Hi Dale, I have been listening to Craig Criddle's talk. You gives you good praise. His talk is interesting. Mosiah, Alma and Ether he called the "hot spots" Spalding was found in some spots and not in others.Tried to find JSmith and found nothing. In Book of Commandents according to Criddle's new research there are attributed to Rigdon (40 chapters)Little of JS Amazing!!!!!

What is amazing is that when Joseph Smith asked Nancy Rigdon to be sealed to him, and Nancy had a negative reaction as did her father, Sidney did not come clean with the fraud, if it were all a fraud. That would have been the time to do so or at least tell his daughter about the fraud and his role in it. But alas, he didn't. Why? Most likely it was because he was not in on the fraud or that there was a fraud. However, if he would have come clean with the fraud if there were a fraud, there would probably be no lds church today. It all would have went up in smoke.

Link to comment

Craig is probing the limits of our current textual knowledge,

when it comes to source criticism of the "restoration scriptures."
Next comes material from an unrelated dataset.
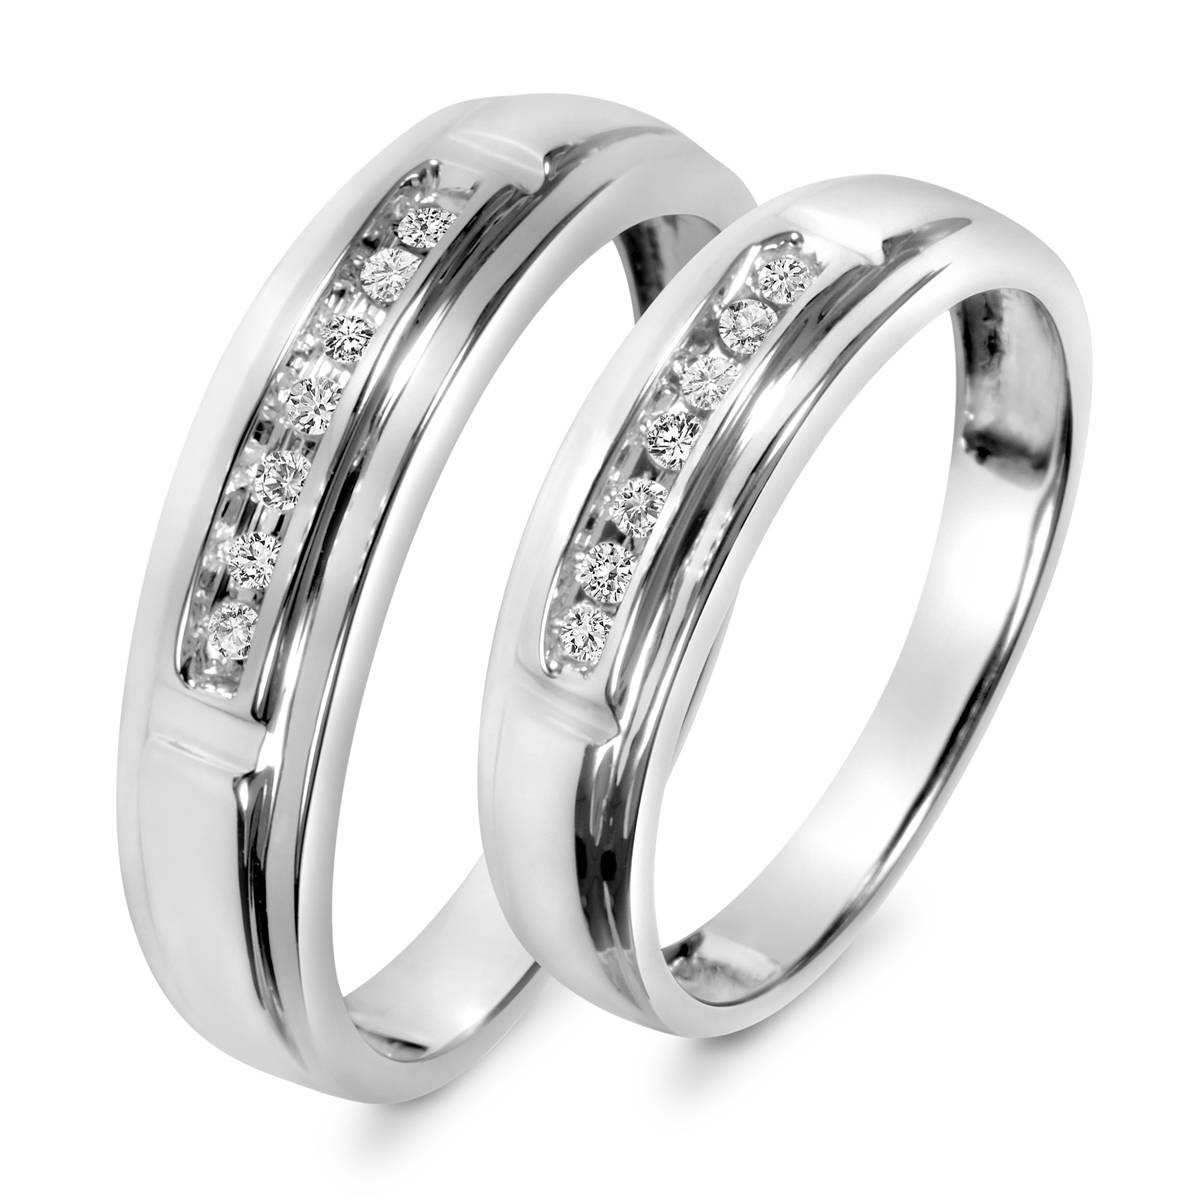 Wedding Band Sets For Her Luxury 15 Inspirations Of Matching Wedding Bands Sets For His And Her Of Wedding Band Sets For Her 
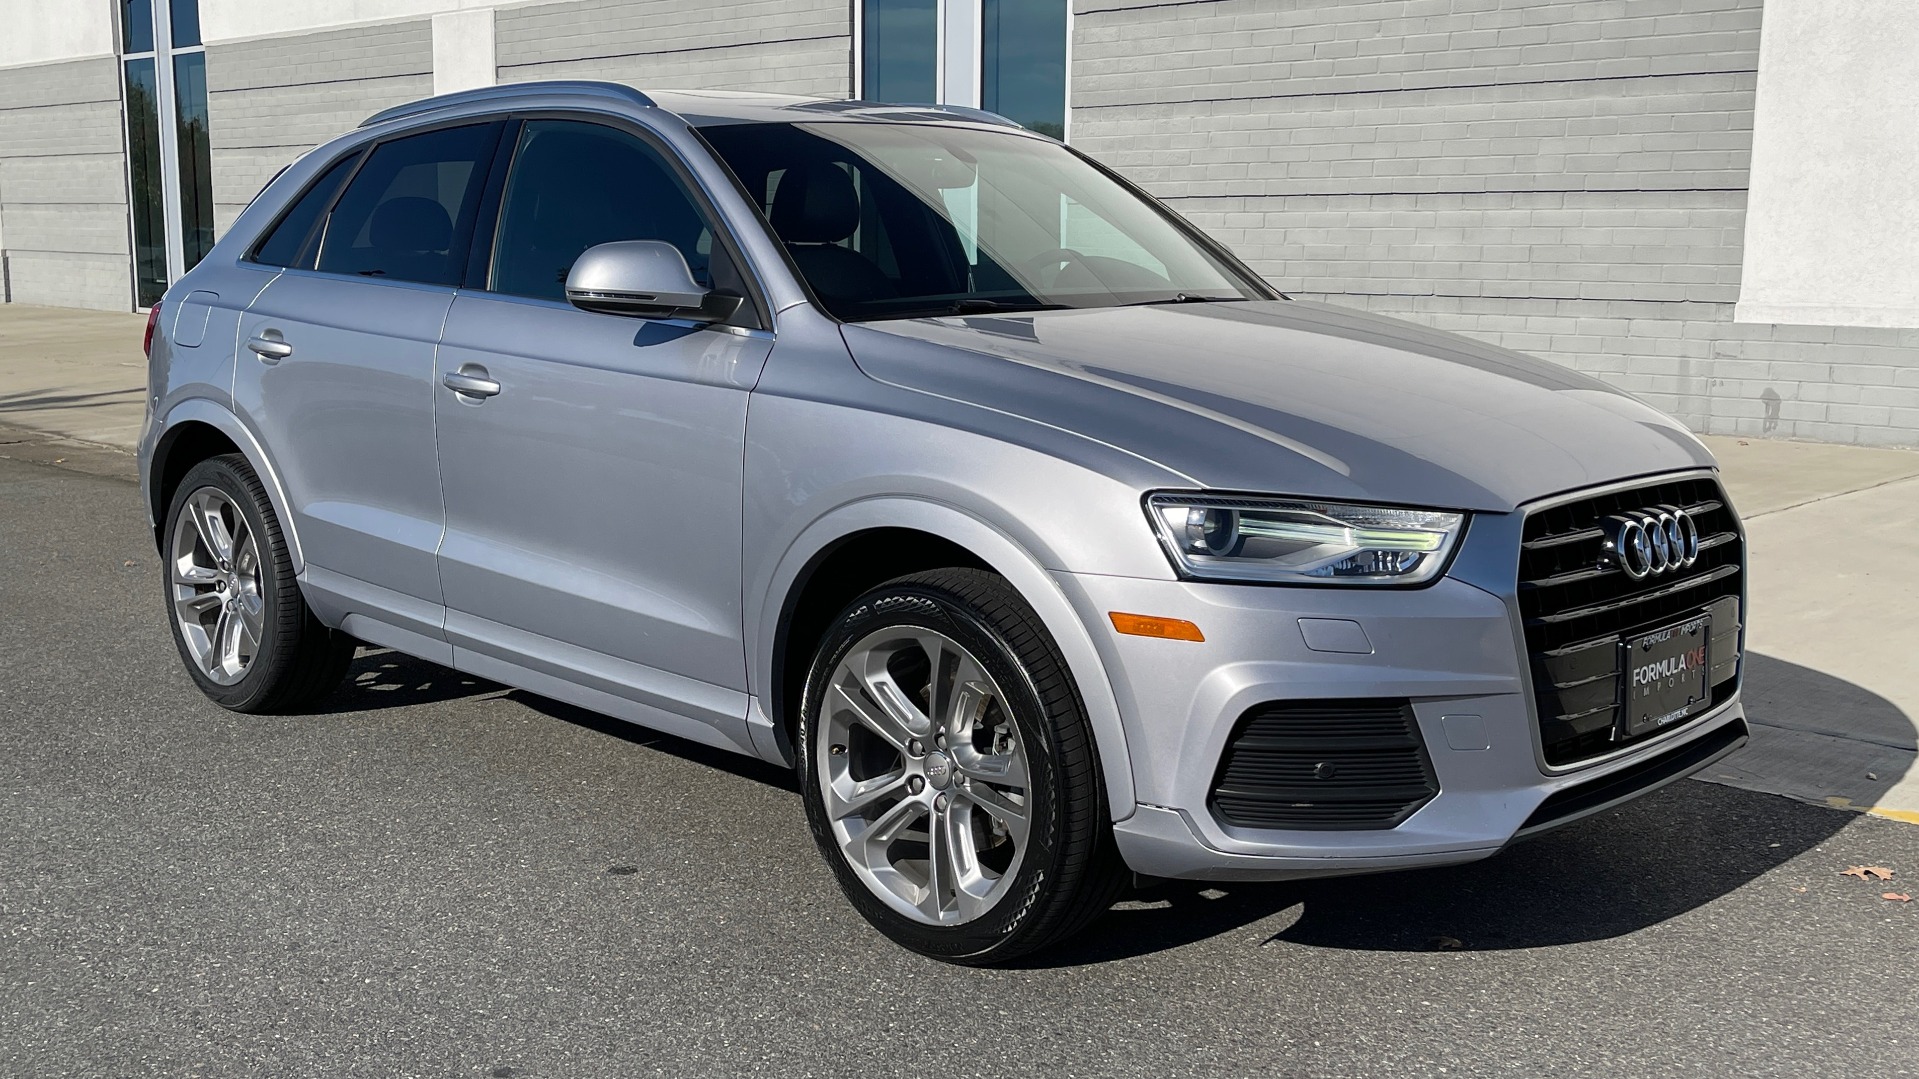 Used 2016 Audi Q3 PREMIUM PLUS 2.0L / PANO-ROOF / HTD STS / 19IN WHEELS / REARVIEW for sale Sold at Formula Imports in Charlotte NC 28227 5

Since he is still in the exploration and discovery stage, some of

his conclusions will necessarily have to be modified (even dropped)

eventually. Critics like our own Ben will make sure of that.

More later --

Uncle Dale

If the book of mormon is ever proven a fraud, it will perhaps be one of strangist frauds ever committed when one considers the witnesses, their wives, and Jospeh and Sidney. Quite unbelievable. And when one thinks of JS attempting to be sealed to Rigdon's daughter, that would have to be gutsy to be sure since Sidney would have been in on the fraud and had a negative reaction to the proposal as did Nancy.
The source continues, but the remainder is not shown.